Synchronising stepper and servo motors: Having made the choice for a servo motor, for putting the pen on the paper and make Oscar actually draw, created a problem relating synchronism between the stepper control and the servo control. As the GRBL isn’t able to control the servo it needed a separate Arduino for it’s control. The issue now was created is that while GRBL is able to store multiple commands in it’s buffer, and smoothing the motion between these commands, the stepper control is direct and has no delay. Using these two control systems it could happen that the servo might go down while the steppers haven’t reached the point where it should happen due to having commands in it’s buffer that it executes prior. This synchronisation issue was solved by including a feedback loop with GRBL to check that it is actually at the position where the pen should move before moving the pen.

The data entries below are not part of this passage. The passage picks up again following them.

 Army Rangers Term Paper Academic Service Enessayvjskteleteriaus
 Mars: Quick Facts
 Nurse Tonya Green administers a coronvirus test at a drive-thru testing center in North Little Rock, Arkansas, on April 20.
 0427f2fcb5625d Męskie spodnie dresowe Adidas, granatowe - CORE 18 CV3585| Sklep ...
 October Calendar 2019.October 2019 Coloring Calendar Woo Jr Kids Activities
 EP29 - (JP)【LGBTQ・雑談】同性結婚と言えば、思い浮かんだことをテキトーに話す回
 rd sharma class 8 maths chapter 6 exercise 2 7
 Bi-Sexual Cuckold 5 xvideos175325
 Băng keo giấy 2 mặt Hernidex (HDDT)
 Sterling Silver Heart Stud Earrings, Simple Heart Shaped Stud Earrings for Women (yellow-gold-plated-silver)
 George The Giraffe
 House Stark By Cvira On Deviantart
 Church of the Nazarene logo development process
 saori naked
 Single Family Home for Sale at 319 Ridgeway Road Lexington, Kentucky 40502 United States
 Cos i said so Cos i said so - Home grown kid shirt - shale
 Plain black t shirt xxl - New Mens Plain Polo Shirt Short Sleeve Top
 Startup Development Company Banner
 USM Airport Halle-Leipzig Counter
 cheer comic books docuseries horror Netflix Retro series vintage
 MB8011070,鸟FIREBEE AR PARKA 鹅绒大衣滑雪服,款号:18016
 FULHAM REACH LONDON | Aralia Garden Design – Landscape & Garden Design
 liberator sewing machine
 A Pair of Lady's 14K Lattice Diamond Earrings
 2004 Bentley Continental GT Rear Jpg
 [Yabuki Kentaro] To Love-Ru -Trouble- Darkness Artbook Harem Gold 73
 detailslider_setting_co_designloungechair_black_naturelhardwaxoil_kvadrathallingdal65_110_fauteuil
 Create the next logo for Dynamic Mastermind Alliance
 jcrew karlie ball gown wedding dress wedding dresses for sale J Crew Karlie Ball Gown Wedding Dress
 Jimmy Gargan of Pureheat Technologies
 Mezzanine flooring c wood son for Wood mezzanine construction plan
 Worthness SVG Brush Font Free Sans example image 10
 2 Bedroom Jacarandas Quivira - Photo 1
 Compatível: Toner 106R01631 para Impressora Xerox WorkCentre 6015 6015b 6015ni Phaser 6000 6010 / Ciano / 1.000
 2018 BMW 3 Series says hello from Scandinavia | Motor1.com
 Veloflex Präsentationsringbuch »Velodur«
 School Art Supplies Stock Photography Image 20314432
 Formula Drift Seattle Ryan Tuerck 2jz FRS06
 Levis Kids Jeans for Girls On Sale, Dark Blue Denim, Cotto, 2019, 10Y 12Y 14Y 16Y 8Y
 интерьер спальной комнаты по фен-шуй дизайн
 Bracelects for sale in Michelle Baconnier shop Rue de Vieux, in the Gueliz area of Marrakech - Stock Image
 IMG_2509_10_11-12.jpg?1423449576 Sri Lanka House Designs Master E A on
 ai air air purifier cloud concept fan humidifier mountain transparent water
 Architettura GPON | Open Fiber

Image Processing: In order to have Oscar draw it of course needs something to draw. Here is where Processing comes into play with the image processing. Because we made the decision in an early stage to start drawing straight pixel conversions from the image captured (made because this was the easiest method for drawing), and the ability for Oscar to only draw either black or nothing (white), means that image needs to contain either black or white pixels. To get this effect we have been using the image thresholding effect, and using the provided thresholding example only the levels need to be set to create the right effect.
Having done that first step, it became apparent that we needed extra image processing as the result in general provided with lots of void in the image. Solving this problem was done by face recognition and focussing only on this area of the image. Oscar effectively becomes a portrait drawing machine by focussing on the face of the user interacting with it.
Drawing methods: As stated in the Image Processing piece the first decision was made to focus on controlling the stepper and servo motors, and therefore the way it draws isn’t much exciting but more focussed towards effectiveness. It resembles a printer as builds the image line by line until it is complete.